テレビの前で、お茶の間で、リアルタイムでエヴァを知っていた大人とは違って、自分がエヴァに触れたのは『新劇場版:序』からだったし、そこから『破』や『Q』を観て、漫画を読んでアニメを見て、何度も何度もこのループを繰り返した。
博士と呼ばれ、オタクと蔑まれ、当時好きだった女の子がバレそうになった瞬間綾波が好きだと叫んでごまかして半年間クラスメイトにうっすらとATフィールドを張られ、自分よりも詳しい人間はいないと勘違いをしてその度に自分の数倍もわからないことを持っていた人に覆されてきた。
そして2021年3月8日の朝、全てが終わった。時代が、歴史が、世界が終息し、並び歩いていた自分が一歩だけ、ほんの少しだけ先を歩くことになった。
9年間寄り添い続けていた存在は、いつの間にかその長さを更新しなくなったらしい。
人生の半分ほどそばにいてくれた「それ」は、あと10年もすれば人生の1/3となり、さらに歳を重ねれば重ねるだけ1/5、1/7となり、思い出の欠片と化していく。
14歳の運命を仕組まれた子供たちの話を共に生きた主人公と同じ誕生日に生まれた子供はいつの間にか20歳を目の前にし、自分の家に発泡酒ではない金色のビールや獺祭が置かれていたミサトさんに愛おしさを覚え、学生団体に所属して管理職を経験した今はNERVやWILLEの「報・連・相」のなさに絶望した。
今年で26周年を迎えたエヴァは、25年の四半世紀を超え、そして終わった。
となるときっと26年前、本当に子供だった人たちはこの日を迎えるまでに26年も現実を生きてきたといっても過言ではない。映画館の列で「死ぬまでに観られてよかった」と笑い合うTHE・オタクの中年を見て胸にくるものがあった。きっとあの人たちもまた、エヴァの呪縛にかかり続けてきたのだろう。
人生の1/3をエヴァと共に、1/2を、いや、下手すると1/1をエヴァと共に生きてきた人だっている。

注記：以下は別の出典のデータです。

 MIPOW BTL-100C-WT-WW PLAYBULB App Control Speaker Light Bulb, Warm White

これまでエヴァと一緒に生きてきた年数よりもこれから何かと出会って歩く年数の方が多い自分は、エヴァと別れた空白を埋められるのだろうか。
上映終了した劇場から出て駅に向かって歩いていたあの瞬間、あの瞬間は「あぁ、人生のベストに食い込んだな」としみじみ思っていたけど、今はそうじゃない。
あれだけ待って、あれだけ追いかけて、あれだけ一緒にいた作品とはもう二度と会えないのだという喪失感が頭の中をふわふわとしている。

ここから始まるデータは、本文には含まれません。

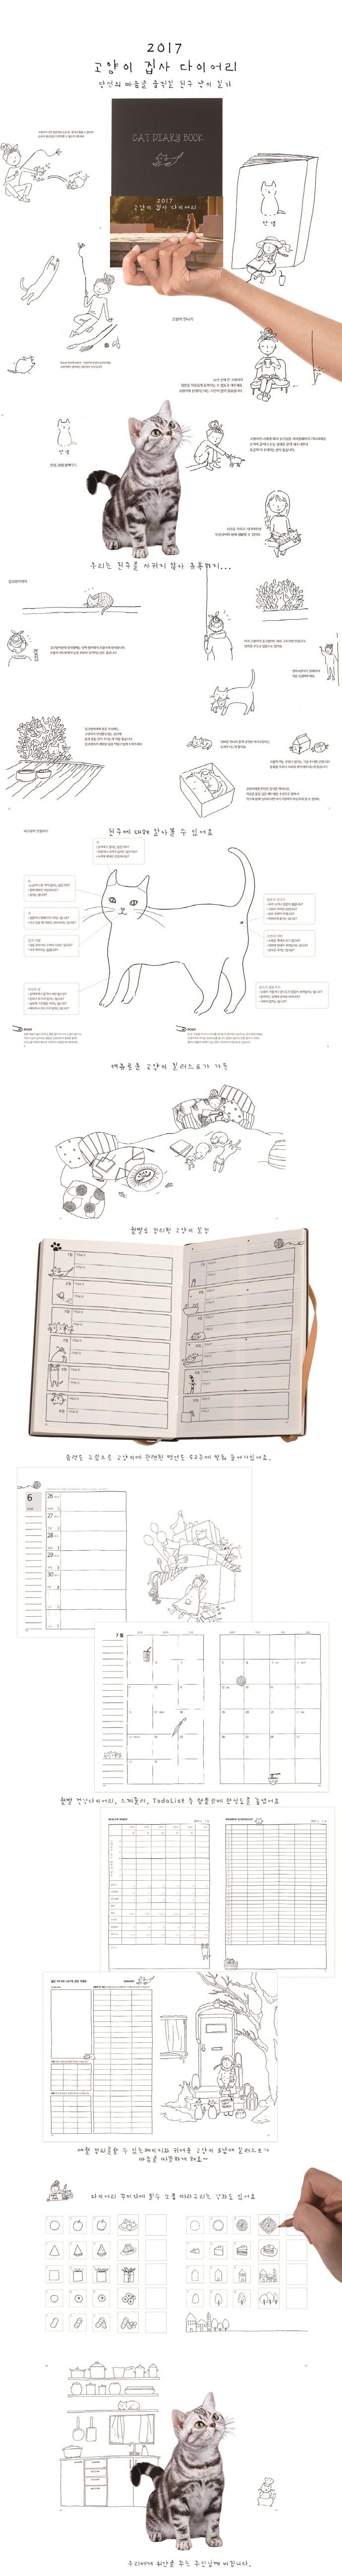 Cat Diary Book(고양이 집사 다이어리)(2017)(양장본 HardCover) 도서 상세이미지

入場者プレゼントもパンフレットも、それを開いて読み終わった瞬間、今度こそ存在が消えてしまうのではないかと不安になってしまってまだ開封すらしていない。
昨日も今日も読もう、読もうと思って手元には置いていた。読めなかった。
公式が「ネタバレ要素があるので観賞後しか読まないように」とわざわざビニールに入れて封までされているこのパンフレットを開けられない。
まるでパンドラの箱のようになってしまっているこの焦燥に、果たして希望は残っているのだろうか。

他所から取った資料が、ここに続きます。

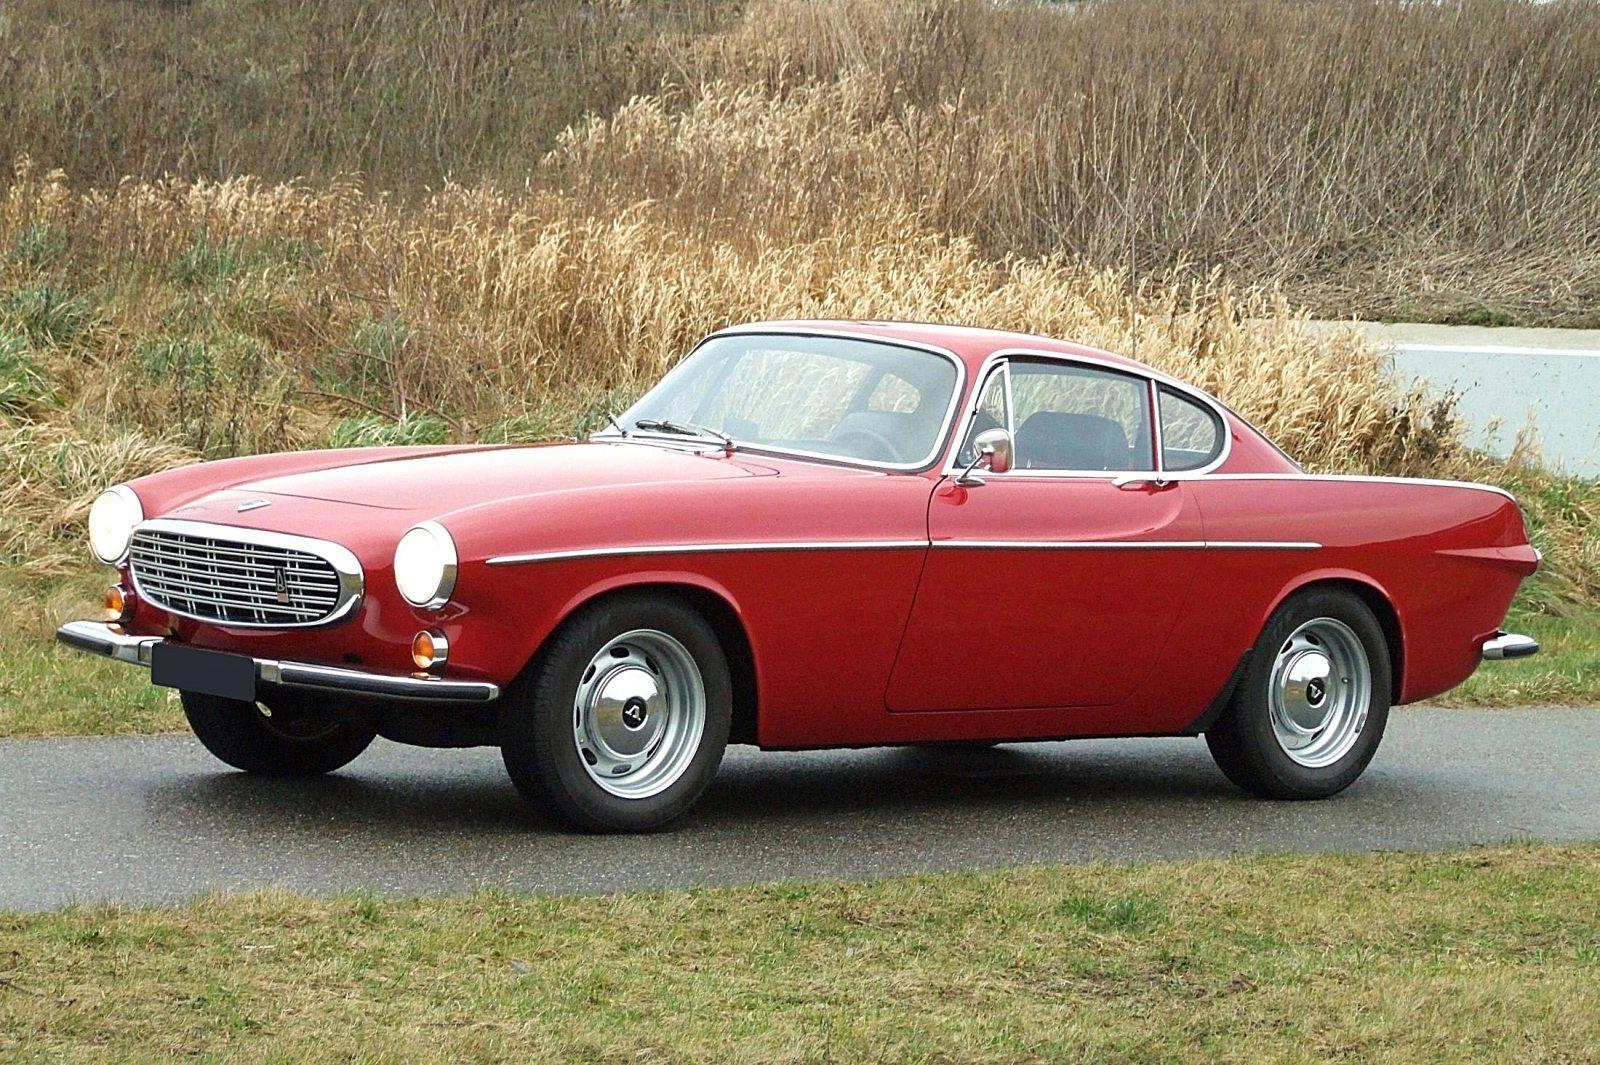 Volvo P1800 S, 1969 | P1800 - On My Wish List | Pinterest | Volvo ...

いっそ誰かに開けられてしまいたい。いやそれはそれで嫌だ。
(ここから若干本作のネタバレを含むので未鑑賞の方は戻ってください)
劇中での「さようなら、全てのエヴァンゲリオン」の一言に込められた言葉の重みがひしひしと伝わる。
作品内の世界における「別れ」と現実世界にいる自分たちにおける「別れ」は似て非なるもので、これからの彼らを知る術を喪った今、彼らを思いそして祈ることしか許されない。
きっとこれまでされてきたグッズの展開も少なくなっていくだろう。フィギュアもそこまで出ないだろう。
なぜか?
この『シンエヴァ』によってあの世界を覗き見る権利は終劇を迎えたのだから。
ドラえもんのエピソードに、ドラえもんが未来に帰ってしまった日の夕方、のび太が自分の部屋でタイムマシンにつながらなくなった普通の引き出しと残された形見を横目に泣いているのか笑っているのかわからない顔をして安らかに座っているシーンがある。
これまで毎日を彩り、少なくとも一度は意識をするような存在が今は笑顔で去っていった。
あの公開初日の初回の上映終了後、自分はちゃんと別れを告げられていたのだろうか?
別れを受け入れ、泣くことは他人のためになることではないと知り「大人」になったシンジになれたのだろうか。
悼むわけではない。亡くしたわけでもない。それなのにどうしてか、不可逆的な別れを自らの手で選んだのに、観たことを後悔しているのかもしれない自分がいる。
どうして「最期」を観てしまったのか、あのまま自分の中で終わりを迎えなくてもいいじゃないか。
今ならそう言えるけれど、もしかすると2日前の自分の方が大人だったのかもしれない。
全てに決着をつけようとした人たちの姿が、そして全ての償いをする覚悟を決めた人たちの表情が、これからの自分の頭の中には棲み続けるのだ。
「希望は残っている、どんな時でも」そう言われたことを信じて9年間待っていたんだ。
それなら今度はまた会えるためのおまじない、「さようなら」がいる。
またいつか会えることを願う魔法の言葉を、軽やかに別れを告げる「再見」を、二次元の世界を超越した、自分たちからの呪縛から解放された彼らに手向けようか。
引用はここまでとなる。